Однажды утром Тумр усердно работал над своей хатой, которая с каждым днем требовала более изобретательности. Подняв случайно голову, он увидел приближающегося к нему Лепюка; поравнявшись с избушкой, старик оперся на палку и устремил на труженика пылающие гневом глаза.

– Работай! – проворчал он после некоторого молчания. – Работай, тебе же будет на гибель. Не жить тебе здесь, цыганское отродье.

И в гневе продолжал вслух:

– Эй, слышь ты! Для чего сколачиваешь ты этот хлев?

– Для чего? Буду в нем жить, – спокойно отвечал Тумр, не отрываясь от работы.

– Что тебе вздумалось, на свою беду, приволочиться сюда? Мир ведь велик, много в нем места для вашей братии – слышь ты, эй?

– А чем я тебе мешаю? – отвечал цыган, – воздуху я твоего не выдышу, воды твоей не выпью, хлеба у тебя не выем, хватит на всех!

– Да зачем тебе было селиться непременно в нашей деревушке?

– Почему же мне в ней не селиться?

– Эй! Черт тебя побери, не прикидывайся простаком! Долго и с тобой растабарывать не стану, дело тебе говорят: ступай отсюда, иди на все четыре стороны, я куплю твою клетушку, только убирайся отсюда, не то…

– Не то что же?

– Да уж то, что тебе здесь не жить!

– Чем же я тебе помеха?

– Вишь, словно он ничего не знает. Эй, брат, выкинь из головы мысль о Мотруне. Говорю тебе, не будет в том проку, а честью не хочешь, так возьмут тебя черти.

Тумр молча принялся опять обтесывать кривой березовый брус.

– Слышишь! Возьмут тебя черти! – повторил Лепюк, взбешенный хладнокровием цыгана.

– Не знаю, кого прежде, – спокойно отвечал Тумр, – увидим!

– Увидим!.. Так ты не пойдешь отсюда?

– Не пойду я, не пойду, напрасно хлопочешь, хозяин.

Лепюк стукнул палкой в землю, стиснул зубы, отвернулся и поспешно удалился.

XIV

Через неделю хата была почти готова. Топор Тумра притупился; чтобы отточить его, он отправился по обыкновению к соседнему кузнецу и пробыл у него три дня. На обратном пути он невольно задумался о последнем своем свидании с Лепюком, об угрозах старика и о своих надеждах. Дойдя до поворота дороги к Ставискам, он вдруг увидел на вечернем небе синюю полосу дыма, уносимую ветром. Показалось ему, будто дым был как раз над тем местом, где стояла его хата. Он прибавил шагу – и стал как вкопанный: вместо своего будущего жилища он увидел груду дымящегося пепла.
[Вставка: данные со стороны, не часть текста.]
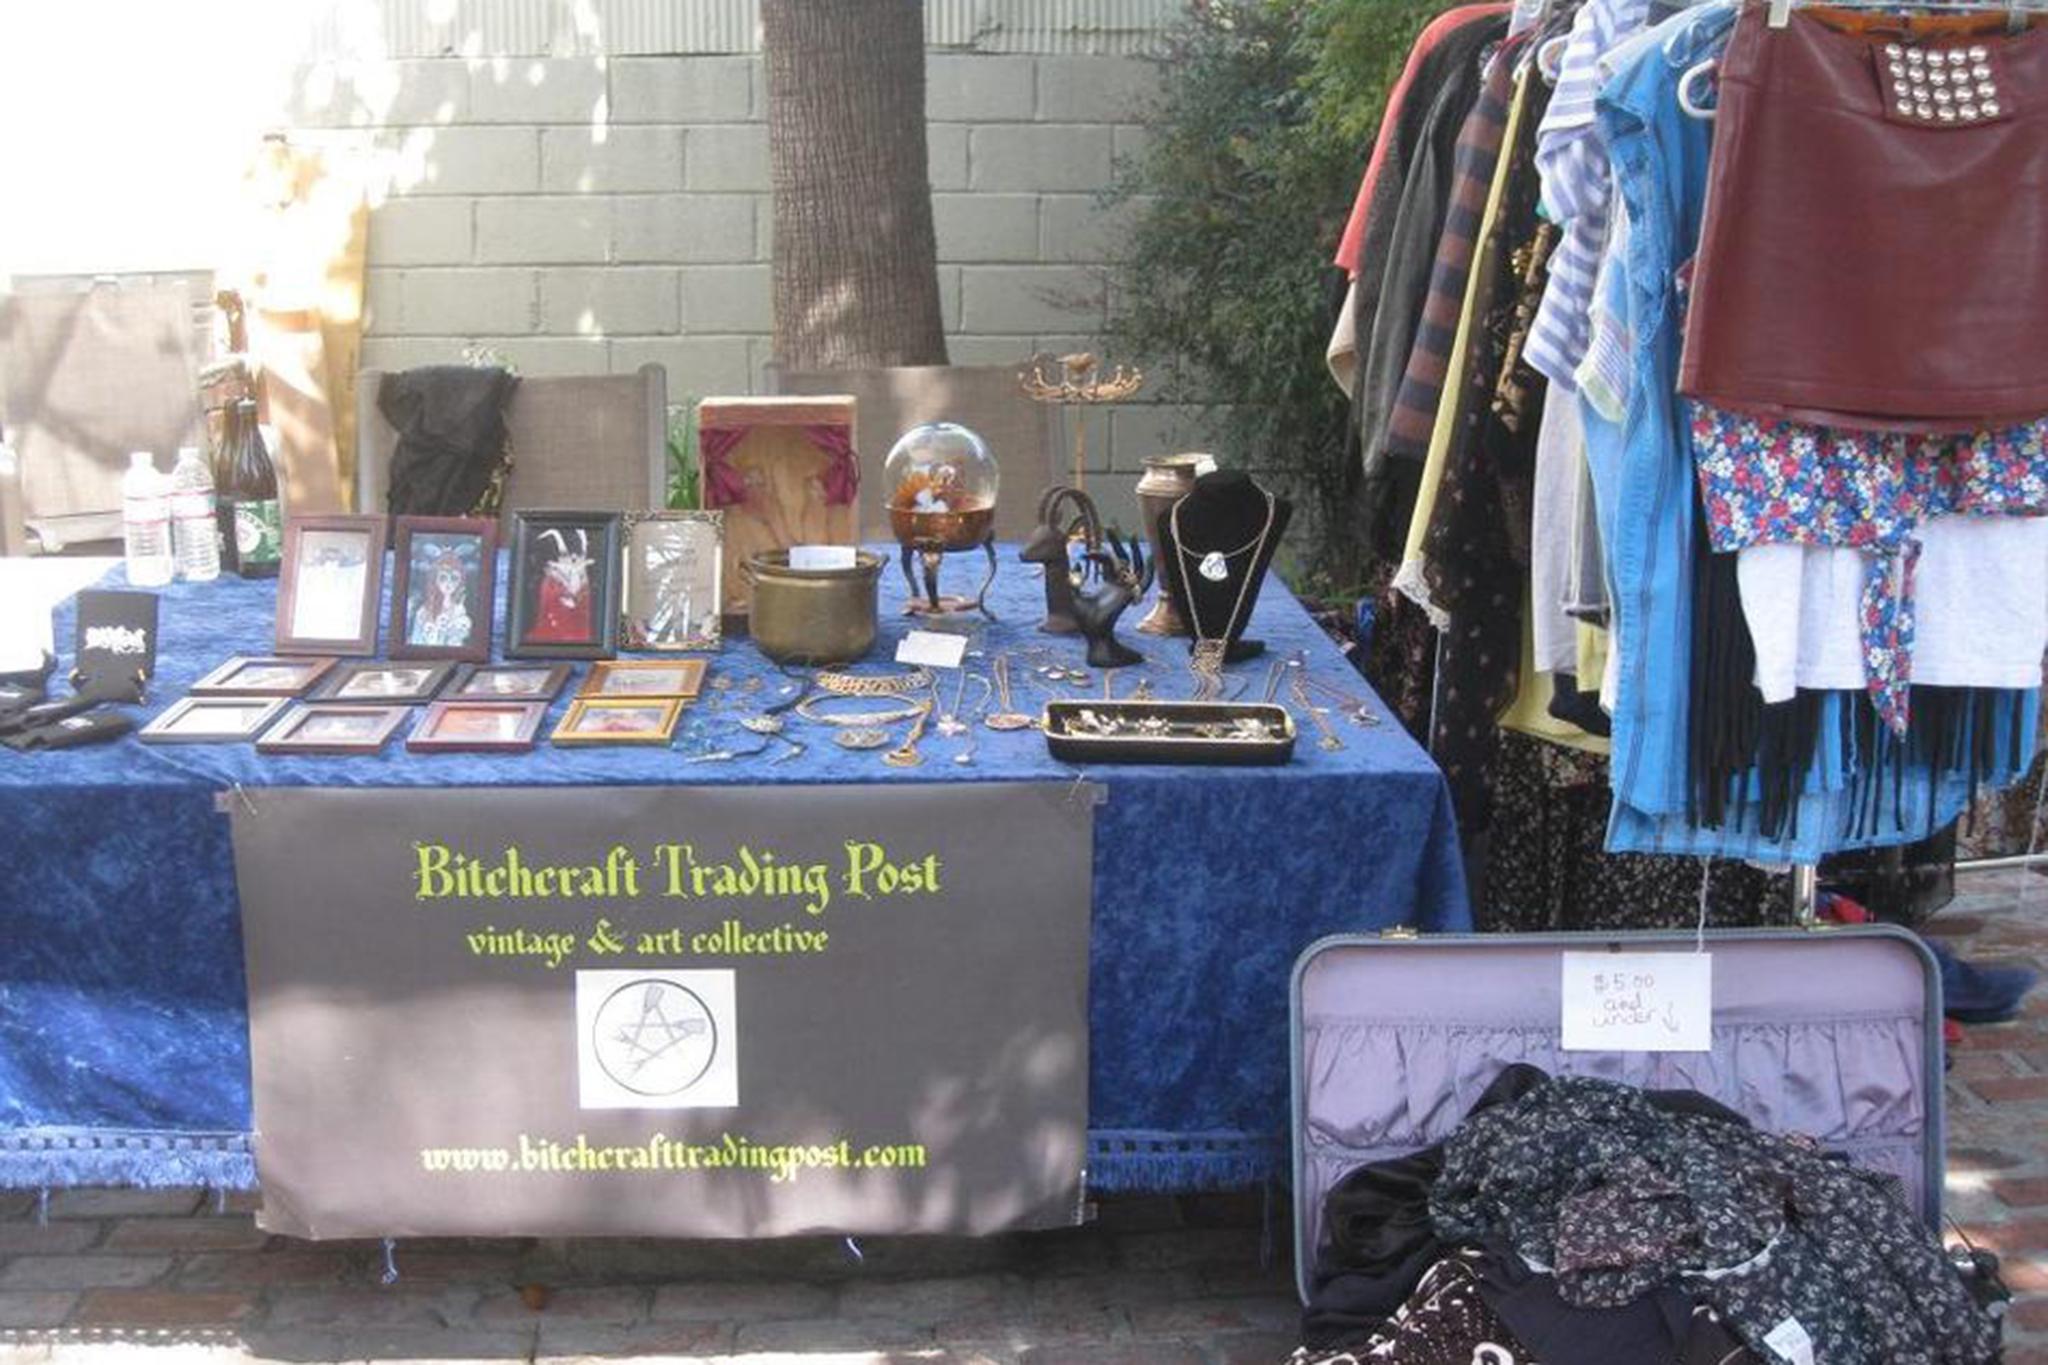 Bitchcraft Trading Post

Некоторое время стоял он неподвижно. Вид пепелища отнял у него всю бодрость, все мужество, крепко заныло его сердце и впервые со времен детства две крупные слезы покатились из его черных глаз, обжигая непривычные к ним щеки. Он стоял, скрестив руки, и смотрел, без слов, без мысли, почти как помешанный. Впрочем, эта немая, тяжелая скорбь была непродолжительна и перешла не в жажду мести, не в бешенство, а в решимость. Цыган поднял голову, вздохнул и быстро пошел к пепелищу. Он решился начать свой труд сызнова.
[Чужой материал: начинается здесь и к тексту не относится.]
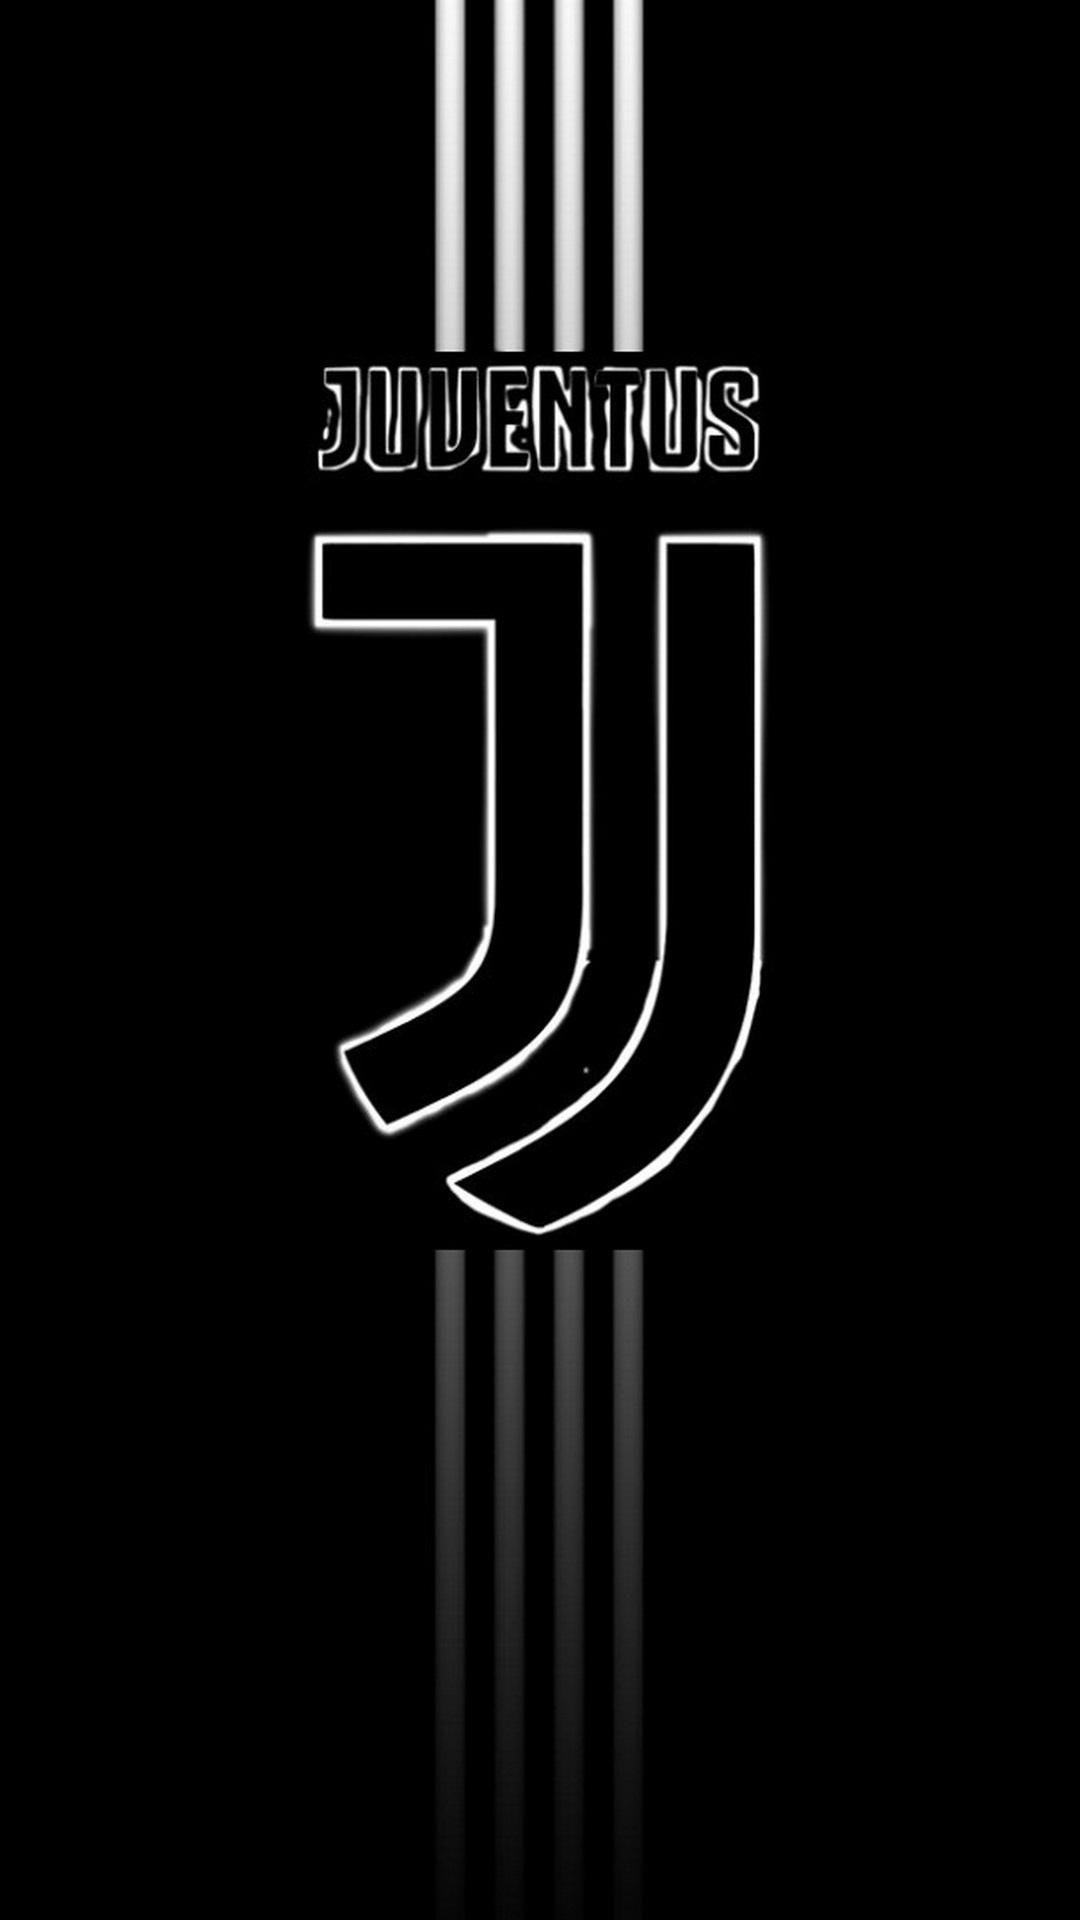 640 gambar gambar logo juventus 2019 terkini di 2020 juventus gambar bola kaki 640 gambar gambar logo juventus 2019

«Что раз сделал, сделаю и в другой раз, – рассуждал он про себя, – может быть, еще легче и лучше… а уж поставлю на своем. Покажу Лепюку – это ведь его дело – покажу ему, что меня не выкурить, как пчел из улья или комара из светлицы!»

С этою мыслью подошел он к самому пепелищу и стал осматривать, не осталось ли чего, что могло бы еще идти в дело. Тщетная надежда: огонь не пощадил ни кола, и в куче золы только дымились еще не совсем сгоревшие головни. Еще раз повел он вокруг себя печальным взором и бросился на землю под глинистым обрывом, который, накалившись от огня, рассыпался пылью. Он повесил голову и задумался. Шаги людей и шорох тащившегося по земле перевернутого плуга прервали его думу. Войт возвращался с поля со своими челядинцами. Поравнявшись с пепелищем, старик остановился и раскрыл рот, он не смел начать речь, угадывая, что происходило в душе цыгана. Тумр сам подошел к нему.

– Добрый вечер, пан войт! – сказал он.

– Не больно добрый для тебя, – отвечал войт с выражением сострадания. – Весь труд пропал понапрасну! Одна искра, и все ушло дымом!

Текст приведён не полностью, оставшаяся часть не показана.